Physics-Informed Deep Learning for Entropy Prediction in Heterogeneous Systems: Thermodynamic and Information-Theoretic Case Studies

Researchers introduce Physics-Informed Deep Learning (PIDL), a unified neural framework that enforces both differential equations and thermodynamic constraints simultaneously across different physical domains. The framework demonstrates exceptional data efficiency and zero Second Law violations in both thermodynamic and financial modeling applications.

Physics-Informed Neural Networks have transformed how scientists solve complex differential equations by embedding physical laws directly into model architectures. This research addresses a critical limitation: existing PINNs remain domain-specific, requiring separate architectures for thermodynamic versus information-theoretic systems. The PIDL framework solves this by creating a shared-encoder architecture that extracts domain-invariant entropy representations across fundamentally different physical contexts.

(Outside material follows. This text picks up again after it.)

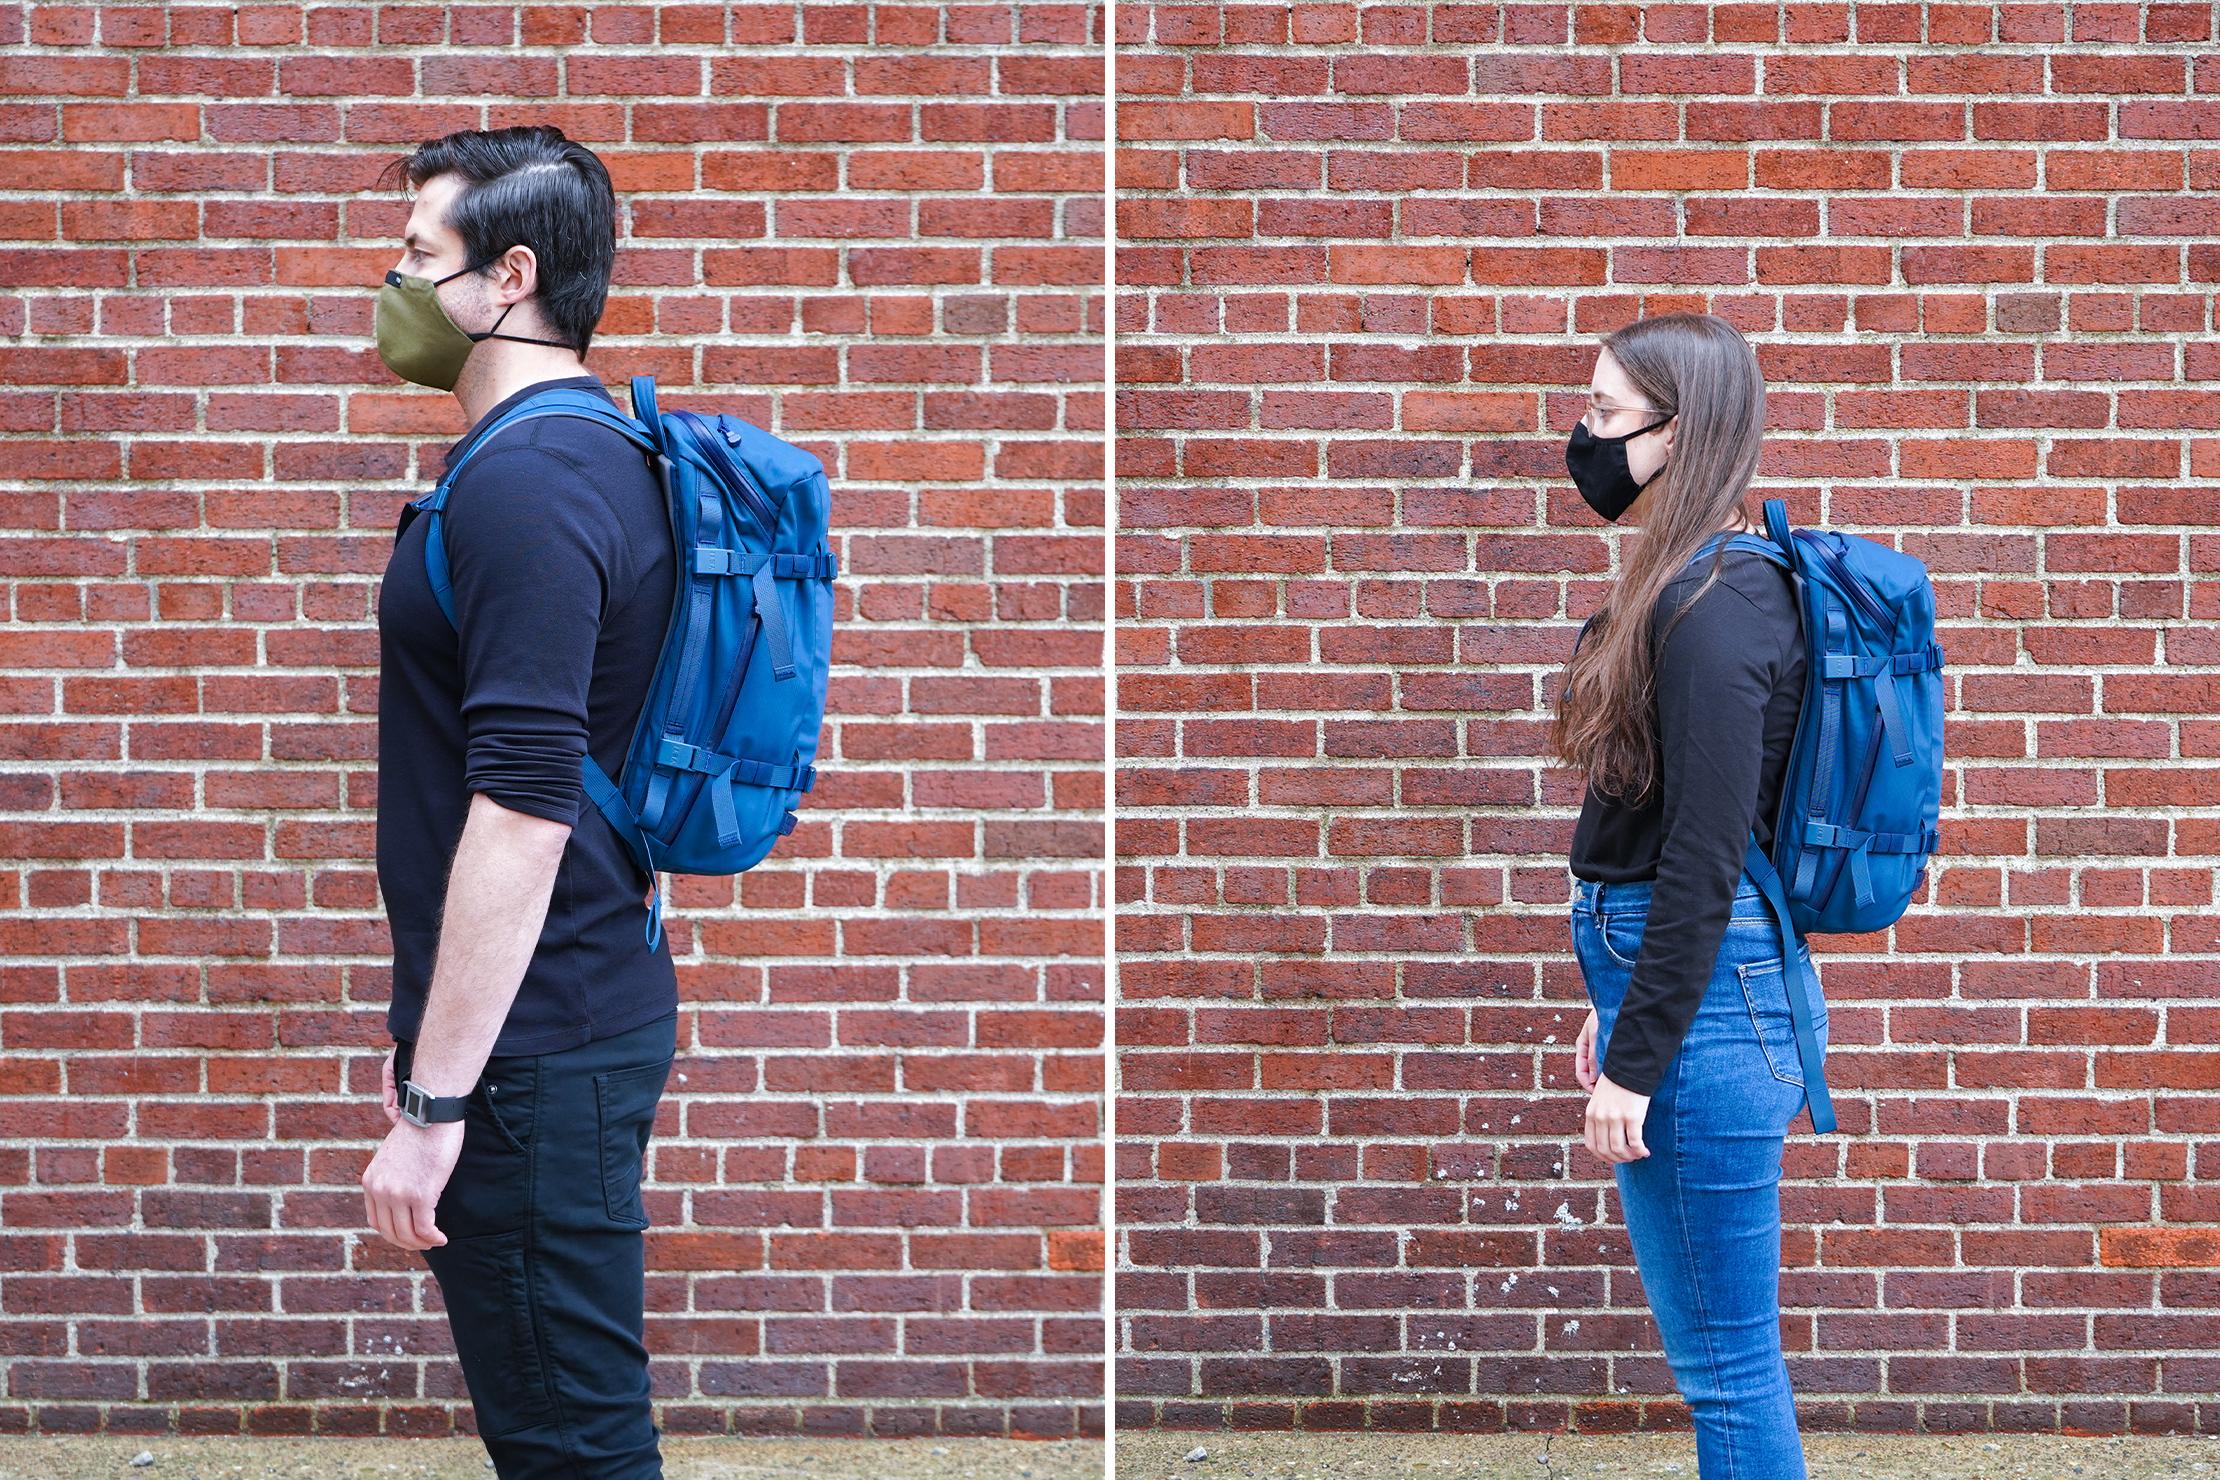 YETI Crossroads 22L Backpack | Male & Female Fit Photos

The dual case studies reveal the framework's versatility and robustness. In thermodynamic modeling of continuous stirred-tank reactors, Softplus constraints guarantee absolute adherence to the Second Law of Thermodynamics—eliminating entropy violations entirely. The financial market application uses inverse Fokker-Planck equations to infer hidden market parameters while maintaining diffusion positivity constraints, demonstrating the framework's applicability beyond classical physics.

Data efficiency represents the most commercially significant finding. Retaining over 90% accuracy with merely 30% of training data carries substantial implications for industries where data collection is expensive or time-consuming. The post-hoc Ruppeiner geometric analysis further validates the learned models by identifying thermodynamic phase instabilities, adding interpretability that builds confidence in predictions.

This research bridges AI and applied physics in ways relevant to sustainable process design and quantitative finance. Organizations conducting process optimization or derivative pricing could benefit from frameworks requiring fewer training examples while guaranteeing physical admissibility. The domain-agnostic architecture suggests potential applications across chemical engineering, materials science, and financial risk modeling.

• →PIDL framework achieves zero Second Law violations by embedding thermodynamic constraints directly into neural architecture design.
• →Shared-encoder architecture extracts domain-invariant entropy representations across disparate physical systems and domains.
• →Framework retains >90% accuracy using only 30% of training data, dramatically improving data efficiency for expensive experimental scenarios.
• →Post-hoc Ruppeiner geometric analysis successfully identifies thermodynamic phase instabilities from learned entropy surfaces.
• →Methodology applications extend to sustainable process design and quantitative financial risk assessment across industries.